Raw data START

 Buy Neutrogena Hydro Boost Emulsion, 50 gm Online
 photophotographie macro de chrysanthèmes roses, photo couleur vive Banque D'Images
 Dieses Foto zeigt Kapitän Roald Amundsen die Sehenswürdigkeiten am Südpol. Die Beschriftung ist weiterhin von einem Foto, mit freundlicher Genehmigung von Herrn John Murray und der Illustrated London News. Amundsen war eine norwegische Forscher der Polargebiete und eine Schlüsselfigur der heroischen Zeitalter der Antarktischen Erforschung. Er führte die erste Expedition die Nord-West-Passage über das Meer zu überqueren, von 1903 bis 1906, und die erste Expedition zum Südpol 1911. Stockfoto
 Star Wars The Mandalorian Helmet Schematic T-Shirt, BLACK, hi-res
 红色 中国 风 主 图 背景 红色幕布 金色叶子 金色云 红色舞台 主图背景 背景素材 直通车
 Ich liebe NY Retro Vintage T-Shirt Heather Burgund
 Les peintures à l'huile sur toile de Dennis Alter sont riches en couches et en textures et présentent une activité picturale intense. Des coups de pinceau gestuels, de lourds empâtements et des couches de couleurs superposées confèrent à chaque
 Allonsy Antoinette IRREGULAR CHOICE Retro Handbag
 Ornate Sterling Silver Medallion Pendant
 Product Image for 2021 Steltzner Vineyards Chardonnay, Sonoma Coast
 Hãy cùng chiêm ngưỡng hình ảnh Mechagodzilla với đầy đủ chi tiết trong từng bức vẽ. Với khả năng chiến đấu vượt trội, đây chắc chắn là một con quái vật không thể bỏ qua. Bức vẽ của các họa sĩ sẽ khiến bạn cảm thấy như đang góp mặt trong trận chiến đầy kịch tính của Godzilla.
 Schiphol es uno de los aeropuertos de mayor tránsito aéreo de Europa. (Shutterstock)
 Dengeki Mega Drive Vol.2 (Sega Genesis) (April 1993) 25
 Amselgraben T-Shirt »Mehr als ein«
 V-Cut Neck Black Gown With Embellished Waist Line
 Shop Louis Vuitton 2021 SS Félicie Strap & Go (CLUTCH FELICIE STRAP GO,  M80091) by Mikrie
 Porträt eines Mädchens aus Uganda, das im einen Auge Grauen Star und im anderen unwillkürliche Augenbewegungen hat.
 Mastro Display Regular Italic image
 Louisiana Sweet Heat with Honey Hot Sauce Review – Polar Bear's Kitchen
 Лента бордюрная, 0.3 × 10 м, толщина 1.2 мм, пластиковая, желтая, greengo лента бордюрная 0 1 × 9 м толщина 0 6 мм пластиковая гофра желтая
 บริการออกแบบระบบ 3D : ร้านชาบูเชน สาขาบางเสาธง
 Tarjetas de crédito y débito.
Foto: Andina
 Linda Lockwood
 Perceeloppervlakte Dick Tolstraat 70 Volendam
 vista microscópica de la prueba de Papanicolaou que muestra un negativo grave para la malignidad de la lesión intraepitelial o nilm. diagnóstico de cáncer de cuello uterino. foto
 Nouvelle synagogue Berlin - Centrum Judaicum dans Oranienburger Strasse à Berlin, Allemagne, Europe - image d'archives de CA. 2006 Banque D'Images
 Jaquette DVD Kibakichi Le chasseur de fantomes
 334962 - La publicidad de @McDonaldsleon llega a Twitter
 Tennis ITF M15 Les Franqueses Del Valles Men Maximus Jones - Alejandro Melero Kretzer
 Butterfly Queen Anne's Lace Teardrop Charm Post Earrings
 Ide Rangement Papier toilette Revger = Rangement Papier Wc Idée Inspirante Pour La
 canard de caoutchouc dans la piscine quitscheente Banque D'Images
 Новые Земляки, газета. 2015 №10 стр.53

Raw data END

The lines from the one containing "บริการออกแบบระบบ 3D : ร้านชาบูเชน" through the final line of the entries above are to be printed exactly, with nothing added.

- Result for this task -
 บริการออกแบบระบบ 3D : ร้านชาบูเชน สาขาบางเสาธง
 Tarjetas de crédito y débito.
Foto: Andina
 Linda Lockwood
 Perceeloppervlakte Dick Tolstraat 70 Volendam
 vista microscópica de la prueba de Papanicolaou que muestra un negativo grave para la malignidad de la lesión intraepitelial o nilm. diagnóstico de cáncer de cuello uterino. foto
 Nouvelle synagogue Berlin - Centrum Judaicum dans Oranienburger Strasse à Berlin, Allemagne, Europe - image d'archives de CA. 2006 Banque D'Images
 Jaquette DVD Kibakichi Le chasseur de fantomes
 334962 - La publicidad de @McDonaldsleon llega a Twitter
 Tennis ITF M15 Les Franqueses Del Valles Men Maximus Jones - Alejandro Melero Kretzer
 Butterfly Queen Anne's Lace Teardrop Charm Post Earrings
 Ide Rangement Papier toilette Revger = Rangement Papier Wc Idée Inspirante Pour La
 canard de caoutchouc dans la piscine quitscheente Banque D'Images
 Новые Земляки, газета. 2015 №10 стр.53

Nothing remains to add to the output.